Bugnet's public pages let you publish acknowledged issues simply, fed from your real tracking. That acknowledgement is often worth more to players than the fix itself in the short term, it tells them they've been heard.

It Deflects Duplicate Reports

A big chunk of support volume is players reporting an issue you already know about. A known issues page answers "is this a known bug?" before they ask, so many of those duplicate reports and messages never get sent. That deflection meaningfully reduces your support load during a rough patch.

Bugnet's public tracker and known-issues view absorb these repeats, so you're not answering the same thing dozens of times. The page does support work for you, around the clock, at no per-view cost.

It's a Lighter Commitment Than a Full Tracker

Compared to a fully public bug tracker, a known issues page is curated, you choose which problems to list, so it carries less exposure and commitment. You acknowledge the major issues without advertising every minor flaw, getting most of the trust and deflection benefit with less downside.
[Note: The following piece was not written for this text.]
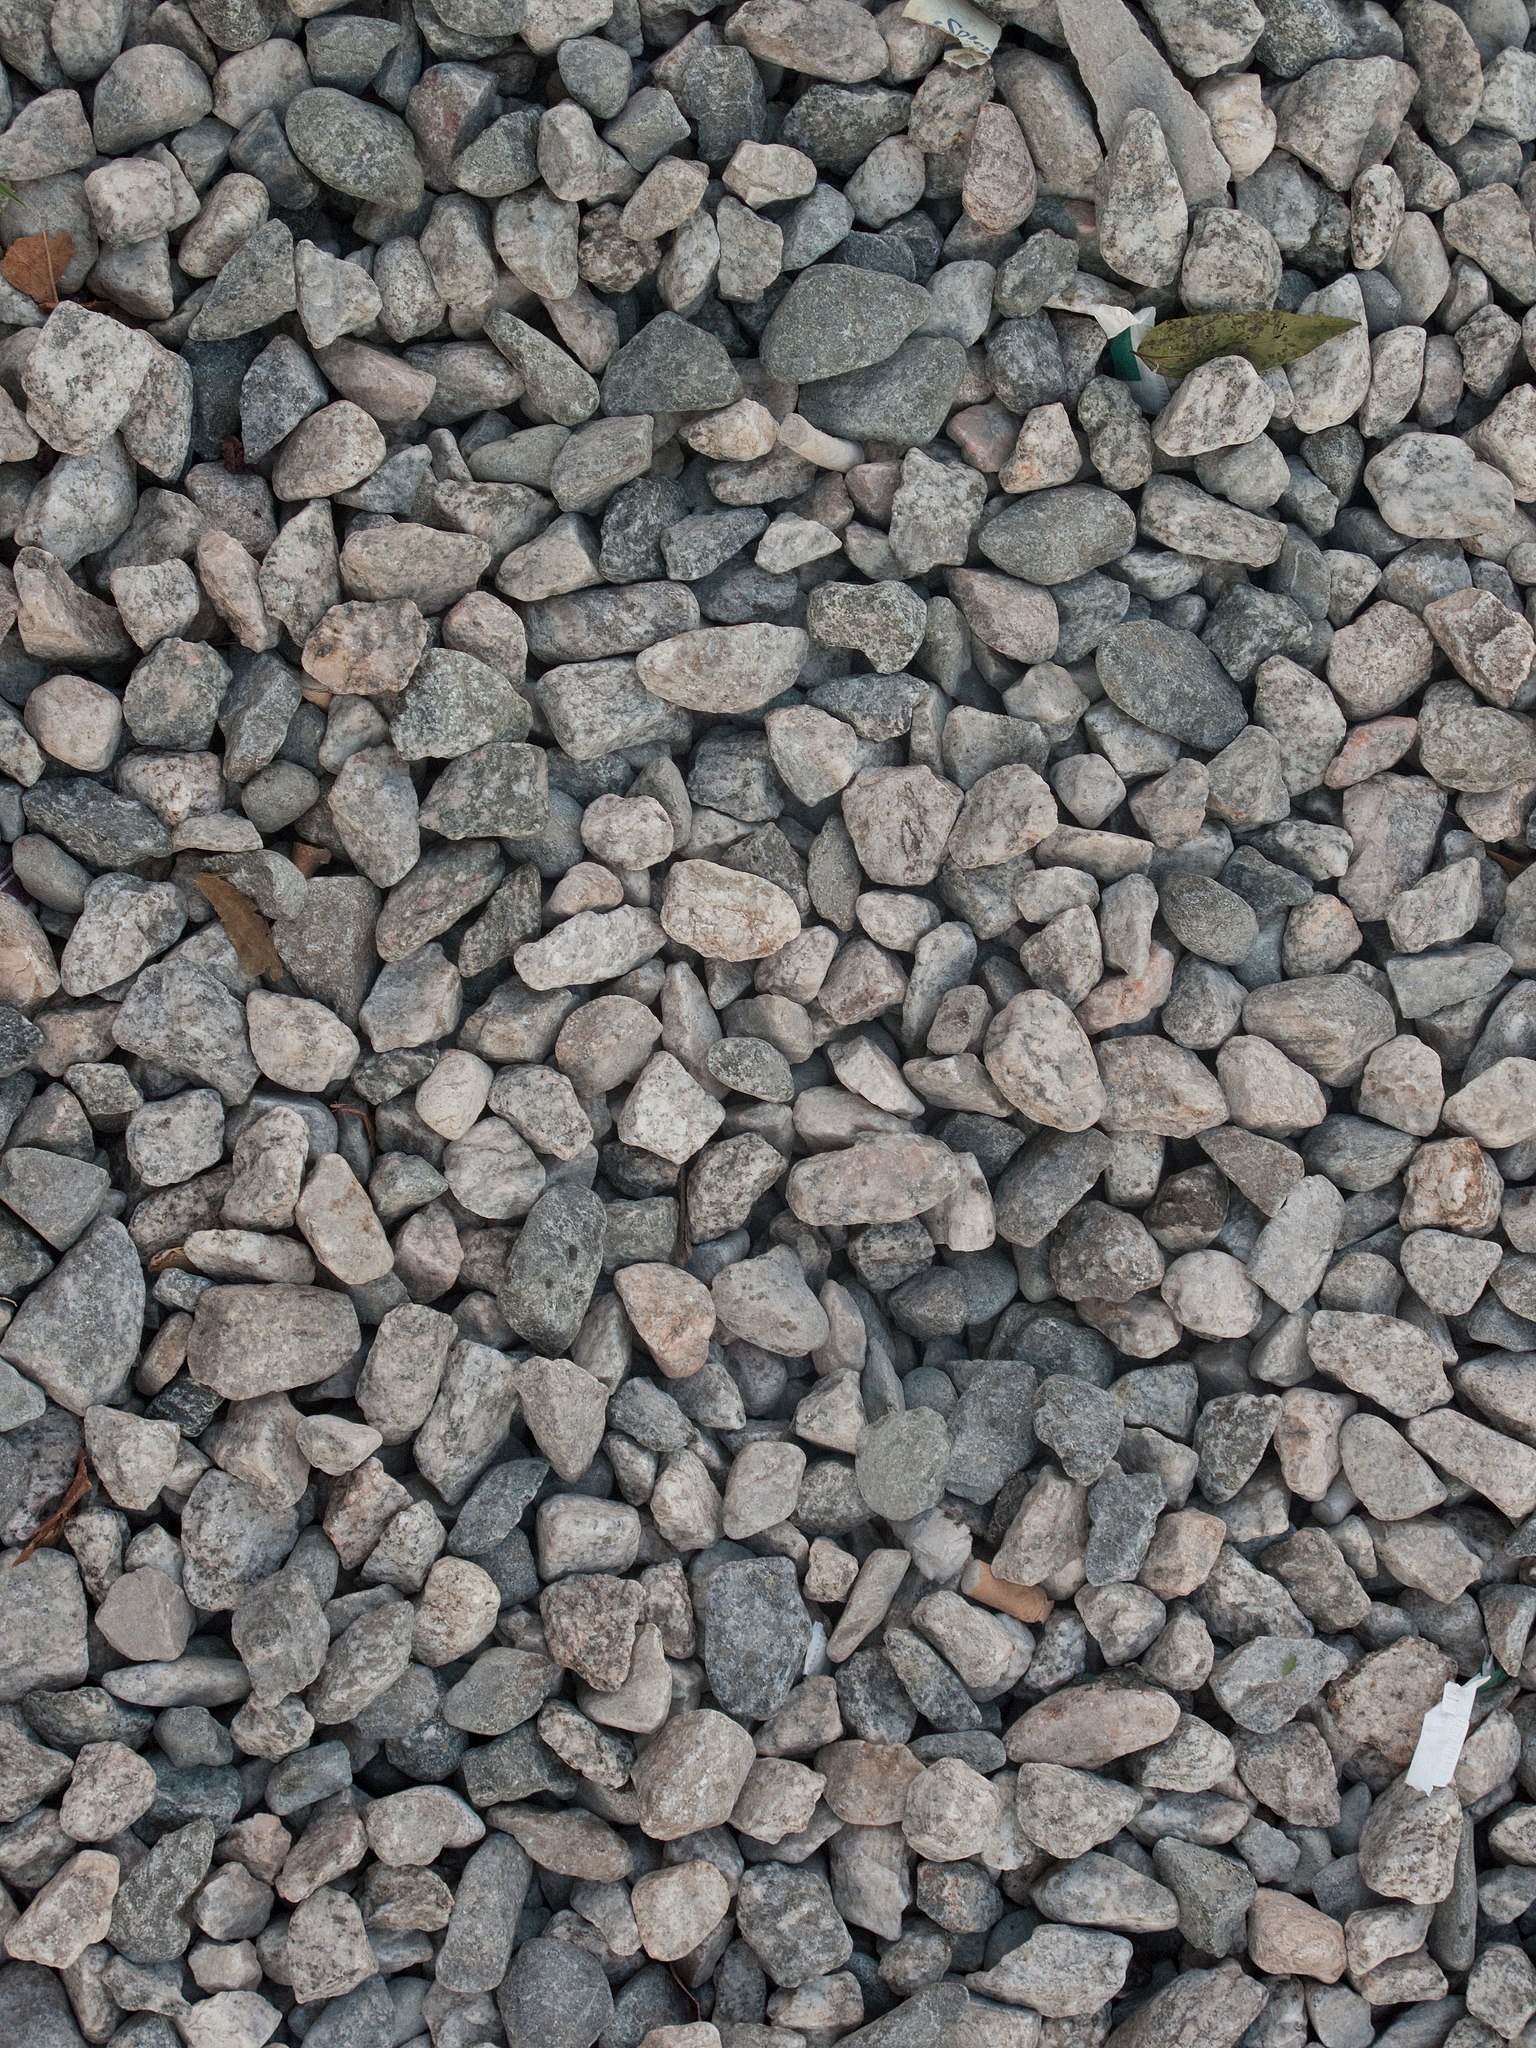 File:Granite pieces.jpg - Wikimedia Commons

Bugnet lets you publish a curated public view while keeping your full bug list internal, so you control exactly what's shown. For most live games, that curated known-issues page is an easy yes; the only games that might skip it are finished titles with no active community.

Yes, for most live games. It builds patience by acknowledging problems and deflects duplicate reports, at low cost, with less commitment than a full public tracker.